On Jun 13, 2007, at 8:20 AM, Paul McMahan wrote:

On Jun 12, 2007, at 8:23 PM, David Jencks wrote:

Sure, but if you are planning to use this for the admin console you'll probably need separate modules for jetty and tomcat anyway, so 2 plans is more or less required even if they are identical.

Not sure I follow you on this. Do you mean that we might create two separate collections of portlets based on which web container is in use? Today the admin console the same collection of portlets built from a single codebase for both containers -- the webconatiner administration jsps just render differently when running in tomcat vs. jetty. The only thing I know of that's really different between the tomcat and jetty admin console modules is their deployment plans, and I think those could be consolidated.

Or are there other reasons why you think separate modules might be required, perhaps the security configuration?

Whether or not separate modules are needed for the admin console, if we want the portal to be extensible by geronimo applications then it would be best if they can provide a single extension module that works in both containers. Hopefully the <container-config> technique that Jeff pointed out will allow them to accomplish that (it worked for me).

module == car file (or plugin), i.e. "pre-deployed" application for javaee apps, and you certainly can't run the same web "module" in both the jetty and tomcat integrations. So, unless you are proposing a really big redesign of what is in a module for a web app, you're going to need separate modules for pluto on jetty and tomcat, the base console on jetty and tomcat, each bit of additional console on jetty and tomcat....

It's quite possible for the plans for the jetty and tomcat versions to be identical (as long as the environment element is added by the car plugin), but you still get 2 modules.

thanks
david jencks


Is pluto 1.2 actually functional as a real portal, or is it just way easier to deploy portlets to than 1.0 was? My impression was that it was not really intended to be a jetspeed or liferay replacement.

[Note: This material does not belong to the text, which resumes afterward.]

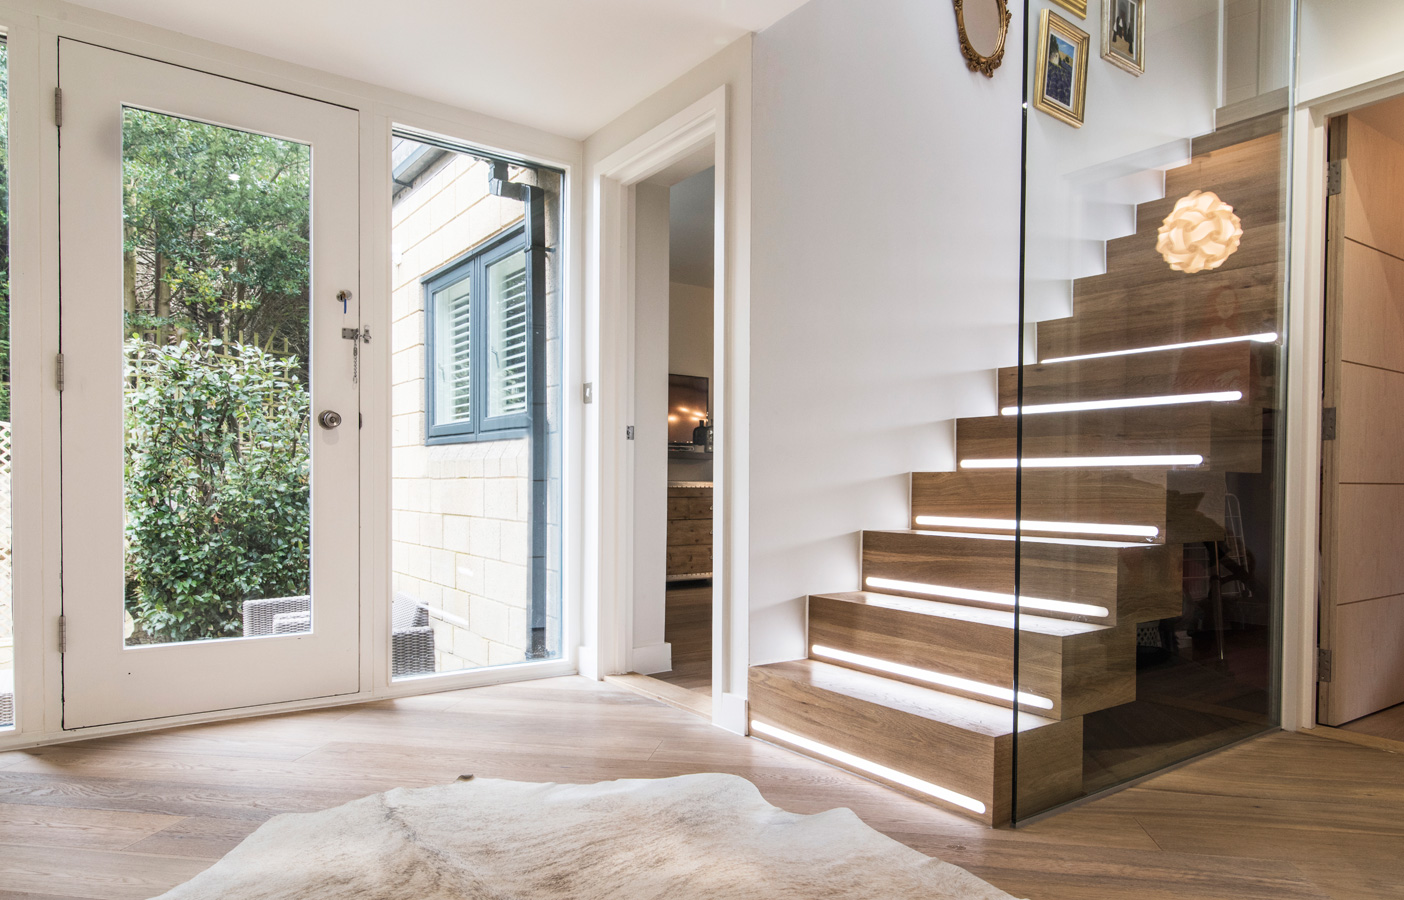 Aldworth James & Bond | Staircase for a modern family home in Bath by AJ&B

No it does not provide equivalent functionality to jetspeed or liferay. In fact their FAQ says:

Is Pluto an Enterprise Portal?
No, the Pluto project aims to provide a Java Specification compliant Portlet Container. In order to support the container, the Pluto project provides a simple portal, however, this does not provides optional services such as single sign on. If you are looking for an Open Source enterprise Portal implementation, there are several available. Apache Jetspeed is an enterprise portal hosted by the Apache Software Foundation. Sakai and uPortal are both educational portals which utilize Pluto as their container. There are many other open source portals.
http://portals.apache.org/pluto/faq.html

So for an enterprise class portal Geronimo users should be encouraged to look into one of those solutions.

For simple a portal application like the admin console, and for portlet development and testing purposes I think pluto's portal driver provides an ideal lightweight solution. And technically speaking there's nothing that prevents a geronimo user from installing multiple portal solutions alongside pluto.

I've been hoping that now that jetspeed has m2-ized their build we might be able to pursue jetspeed integration again.

As mentioned above pluto doesn't claim to provide an enterprise class solution. It's very lightweight and really intended for simple portal apps and for portlet development / testing. As long as the portlets are written against the JSR 168 api they should be portable across the portal containers. So by all means let's continue to pursue integration with jetspeed, liferay, etc. We can put all these goodies into sandbox/portals for now and then later decide if we want to migrate the useful parts into server/trunk or create a new subproject.